__Information supplied__:
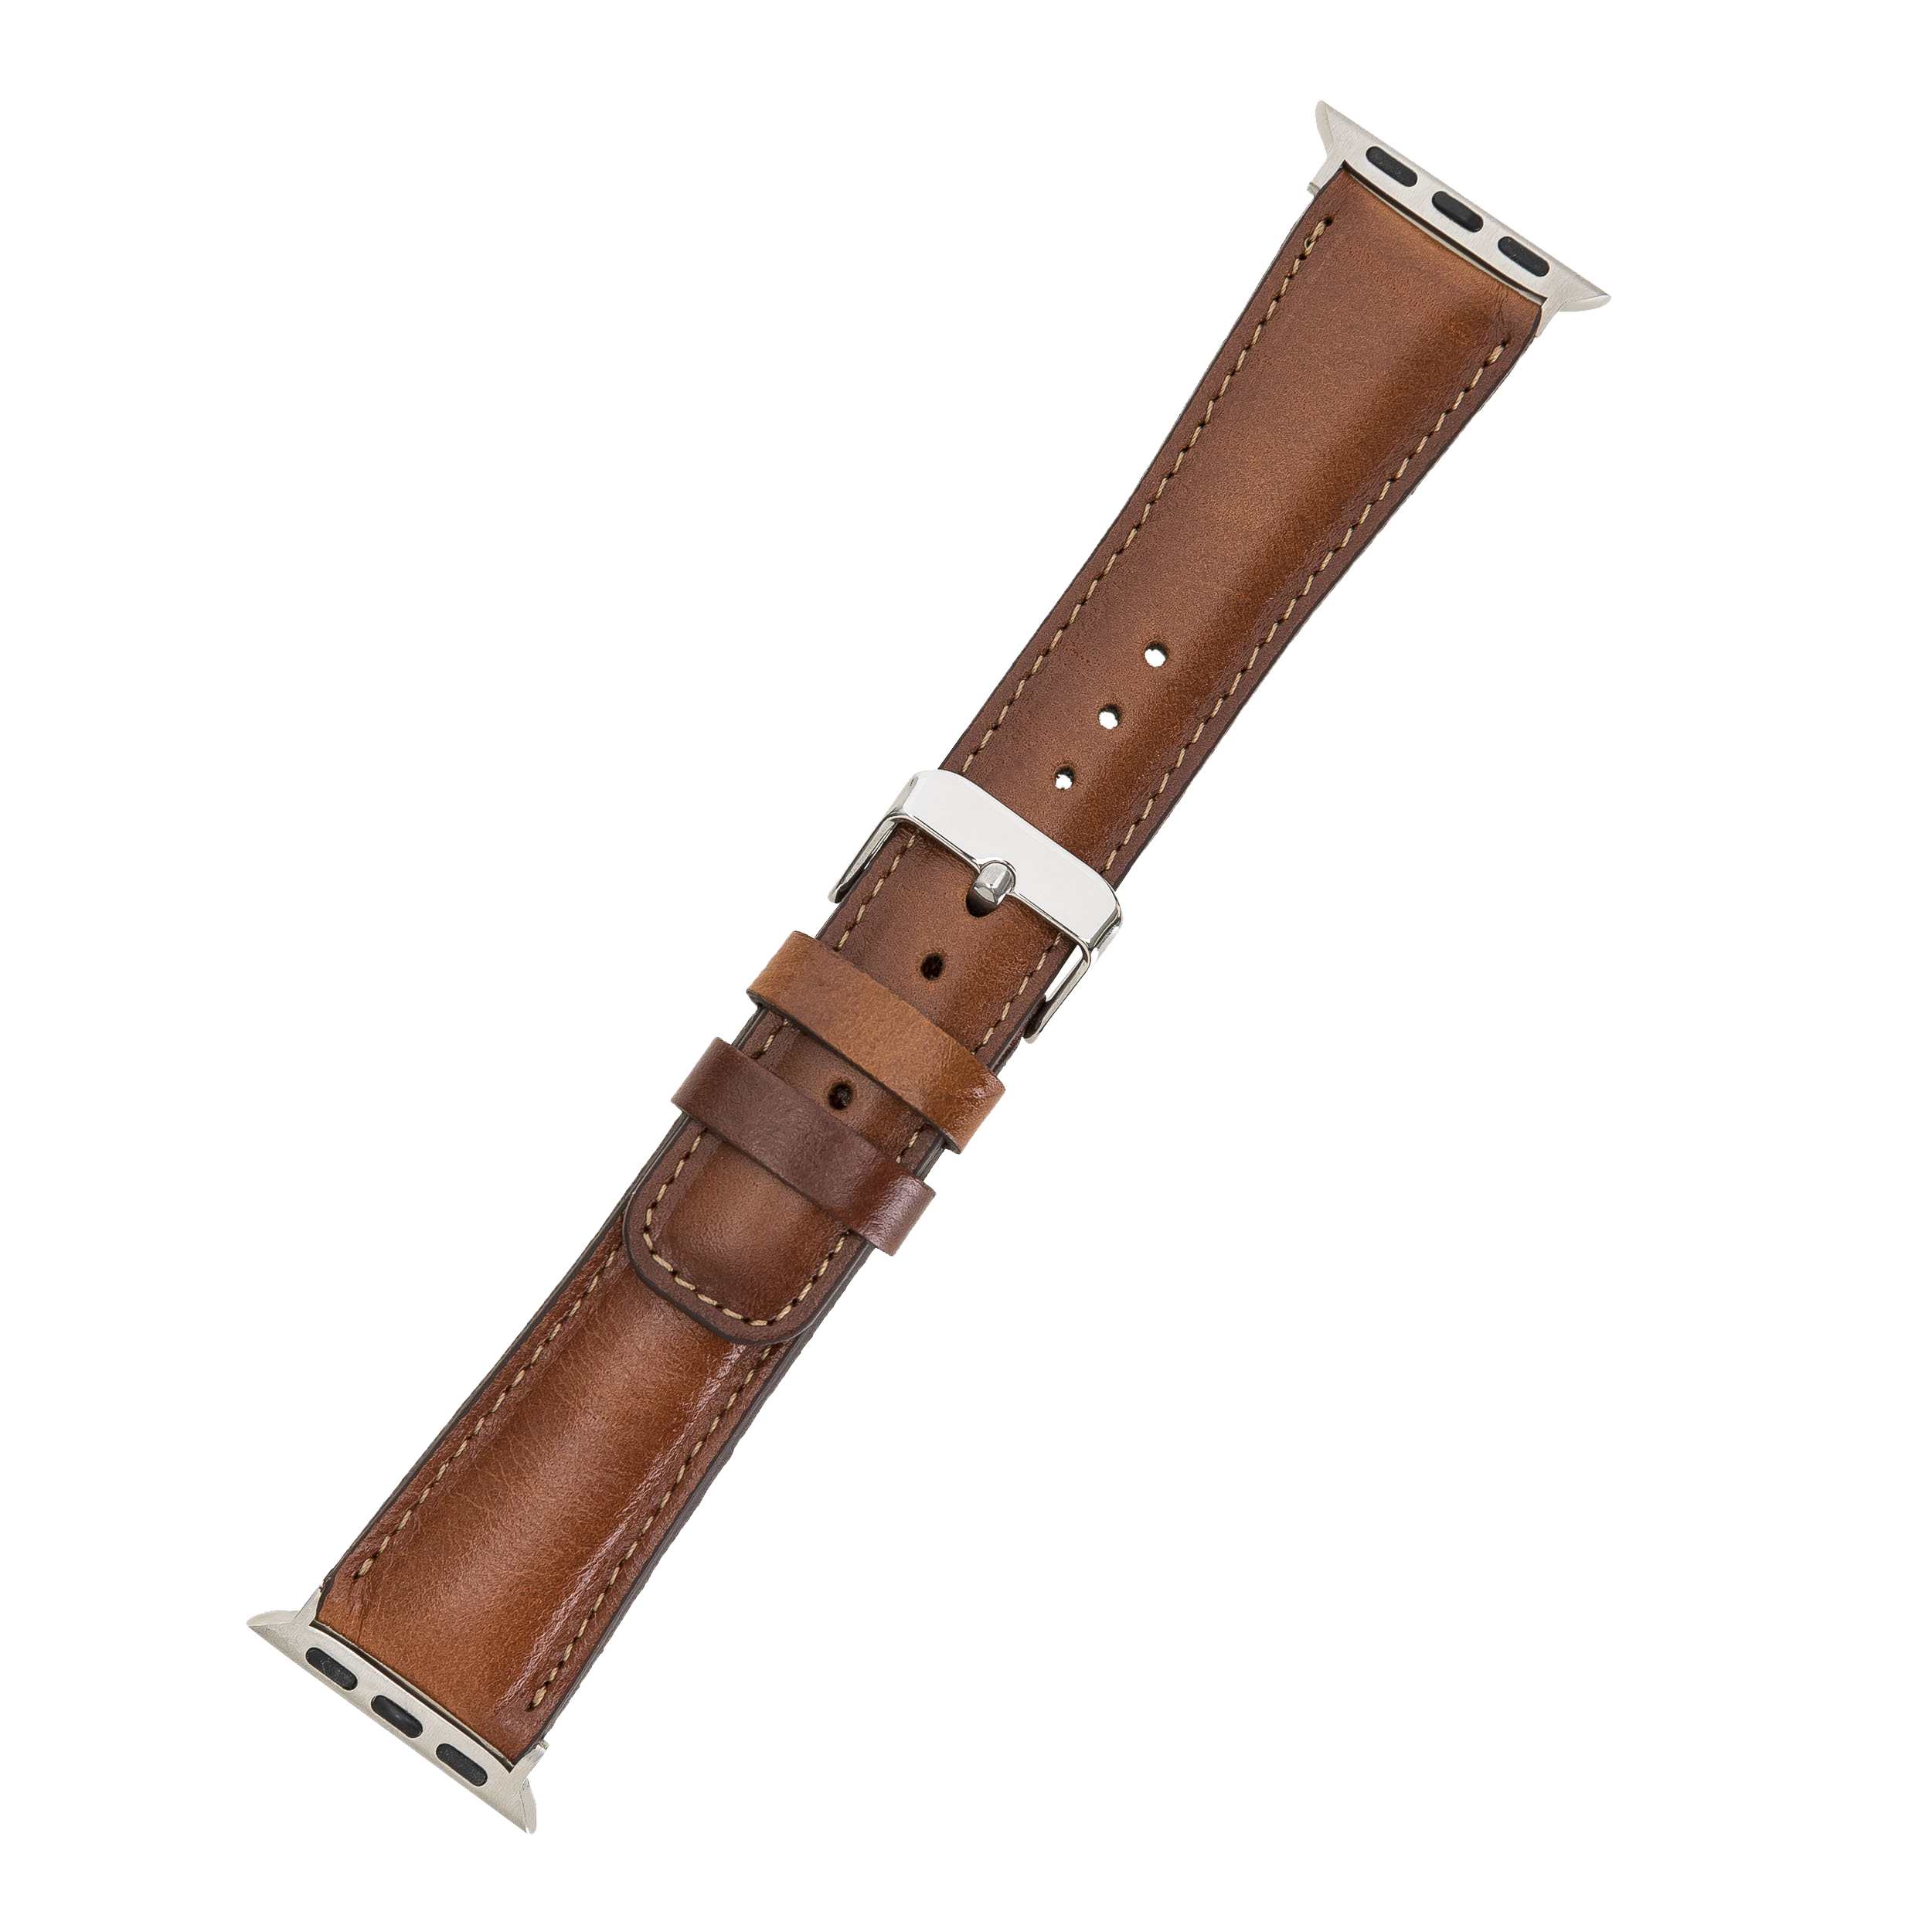 DelfiCase Liverpool Collection Leather Watch Band for Apple & Fitbit Versa Watch Band 18
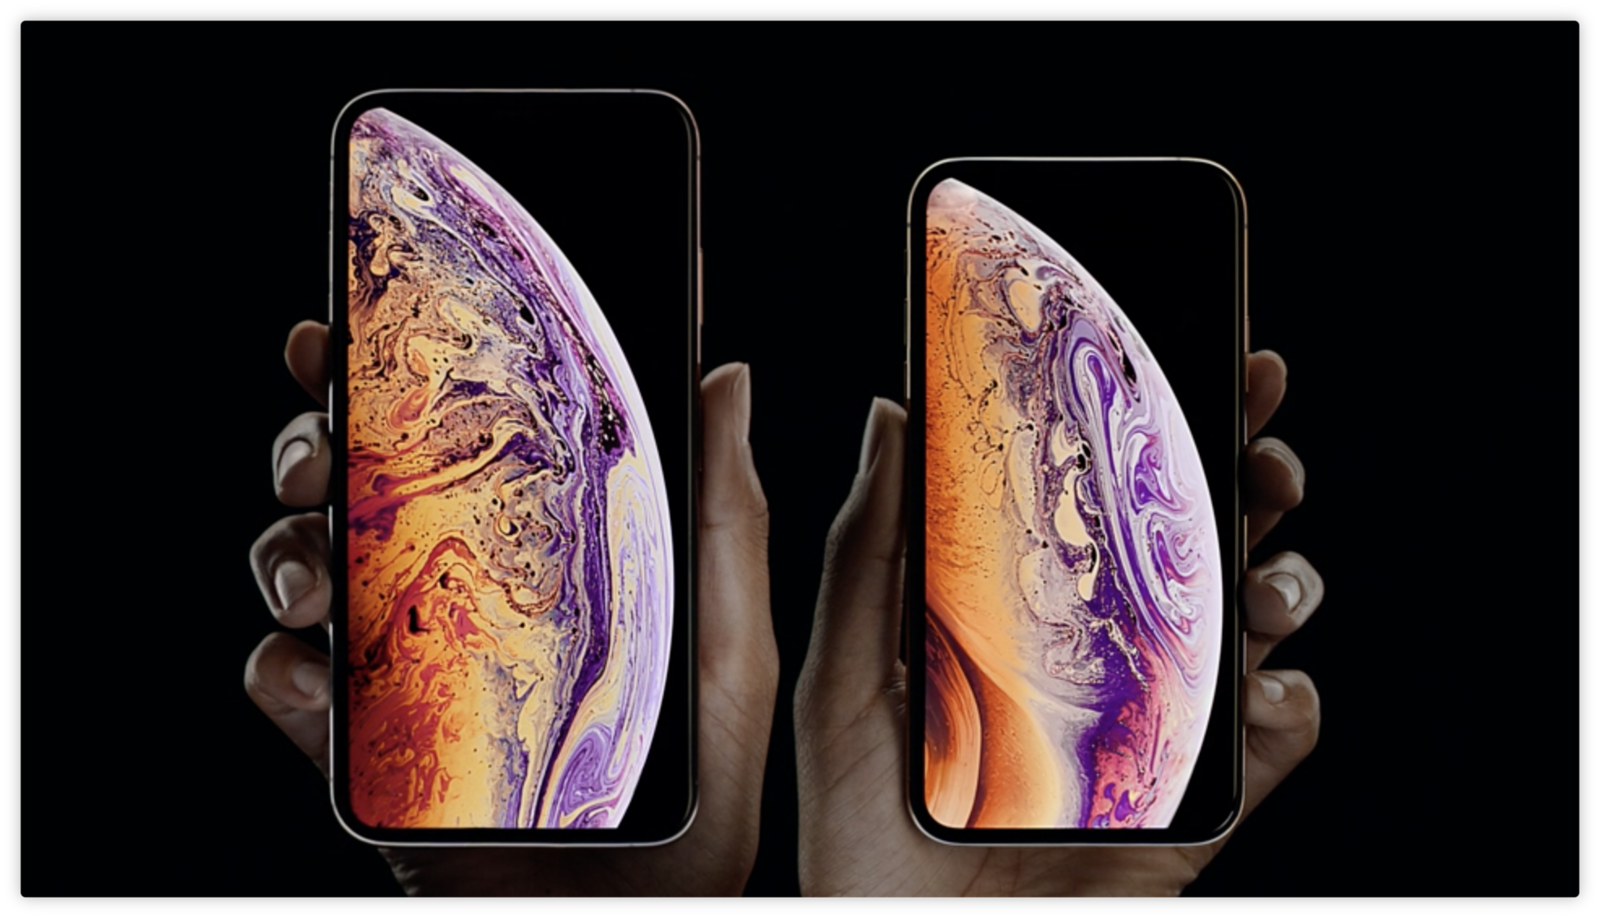 iPhone XS, iPhone XS Max, iPhone XR, specifications, features and pricing
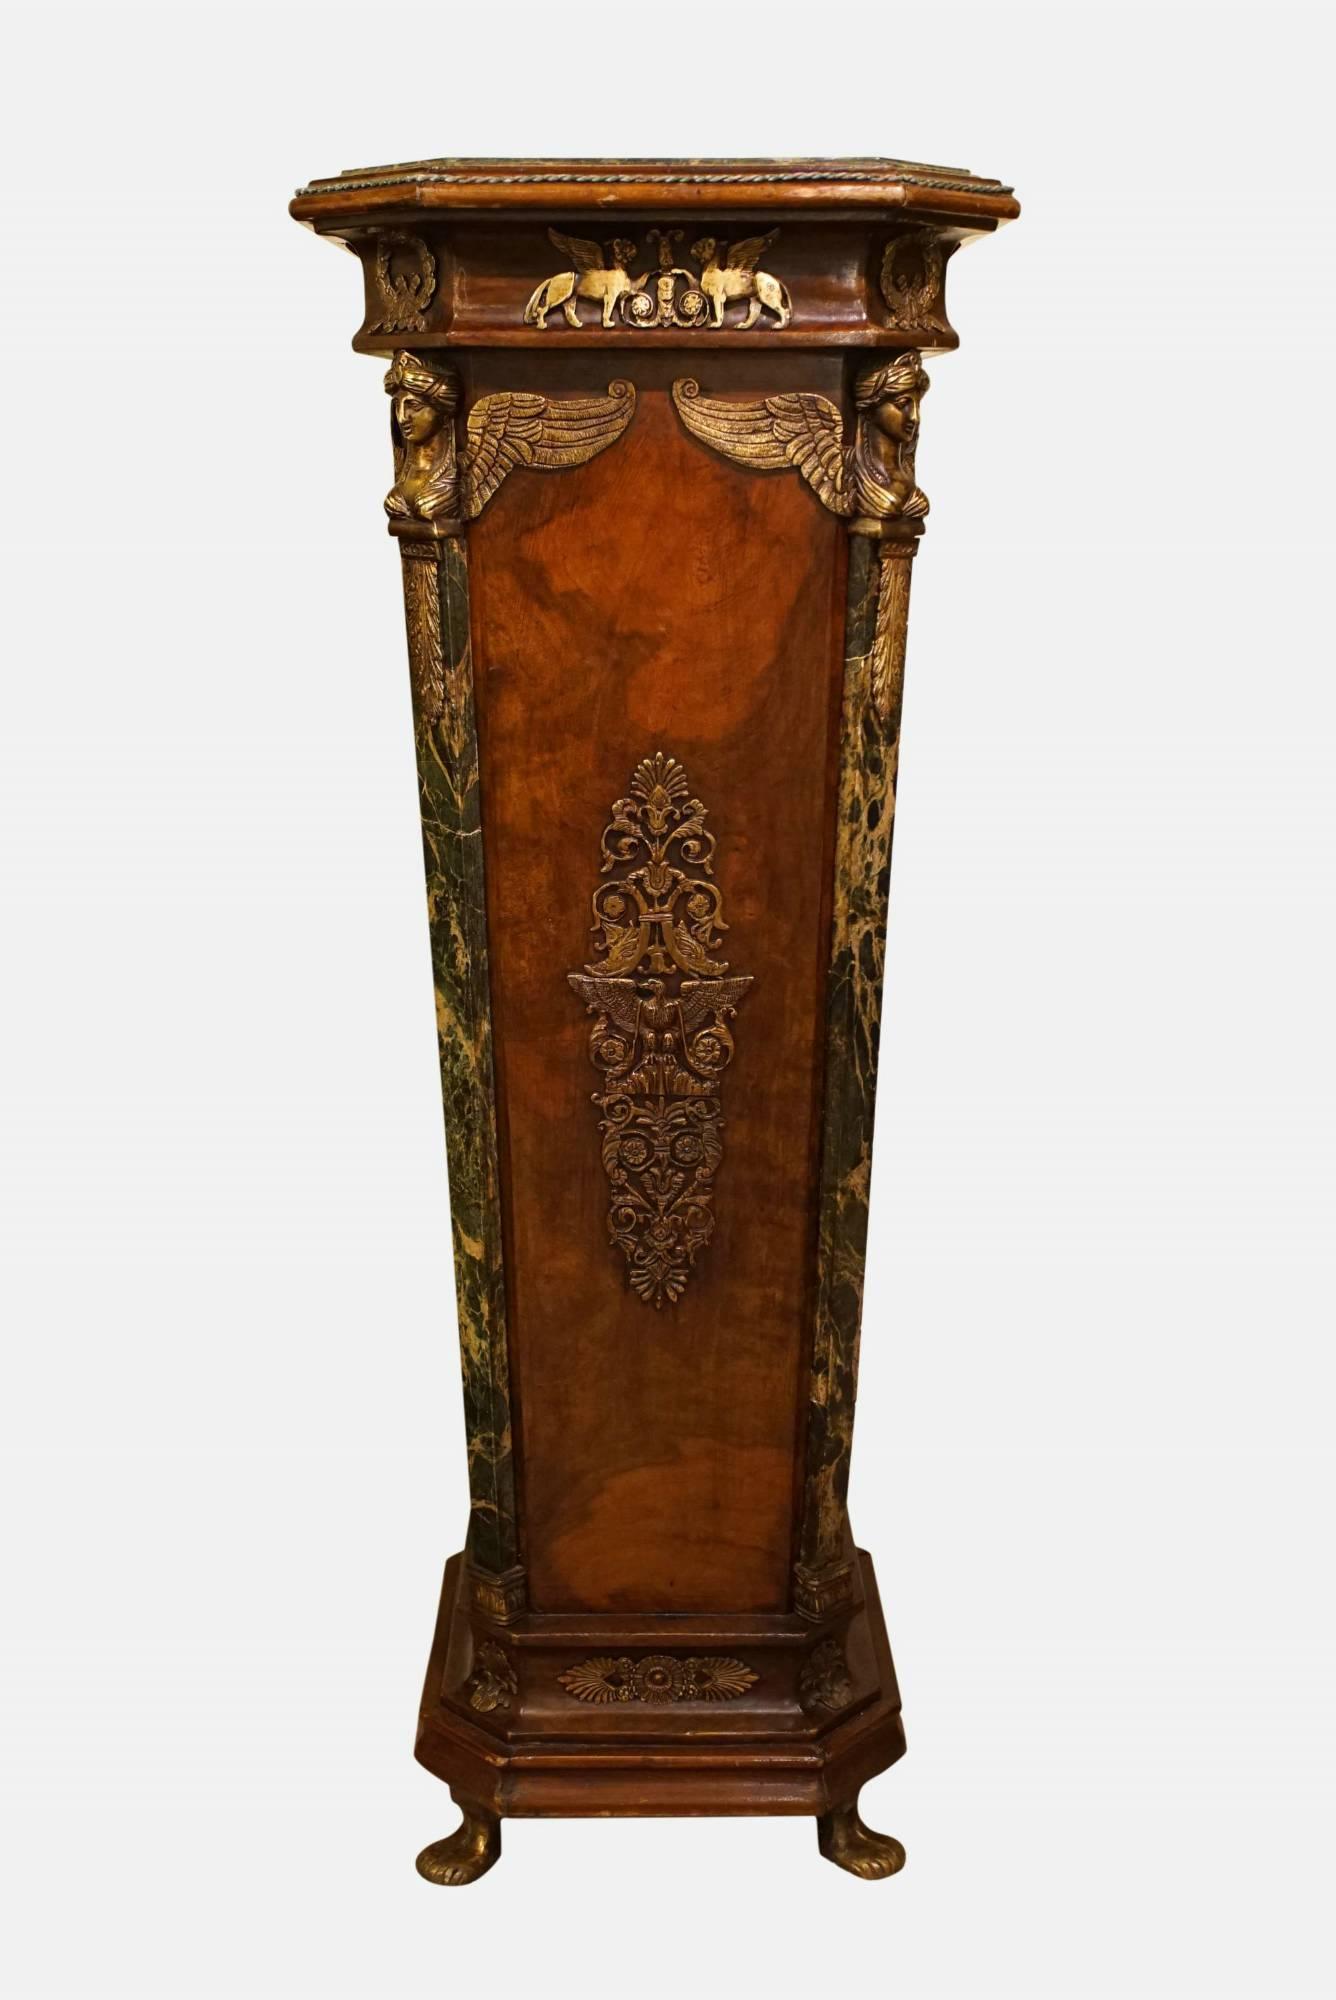 A pair of Empire style marble-topped pedestals with highly decorative ormolu detailing.

__Task goal__:
Return all of the lines above without alteration, minus the pictures.

__Solution__:
 DelfiCase Liverpool Collection Leather Watch Band for Apple & Fitbit Versa Watch Band 18
 iPhone XS, iPhone XS Max, iPhone XR, specifications, features and pricing
 A pair of Empire style marble-topped pedestals with highly decorative ormolu detailing.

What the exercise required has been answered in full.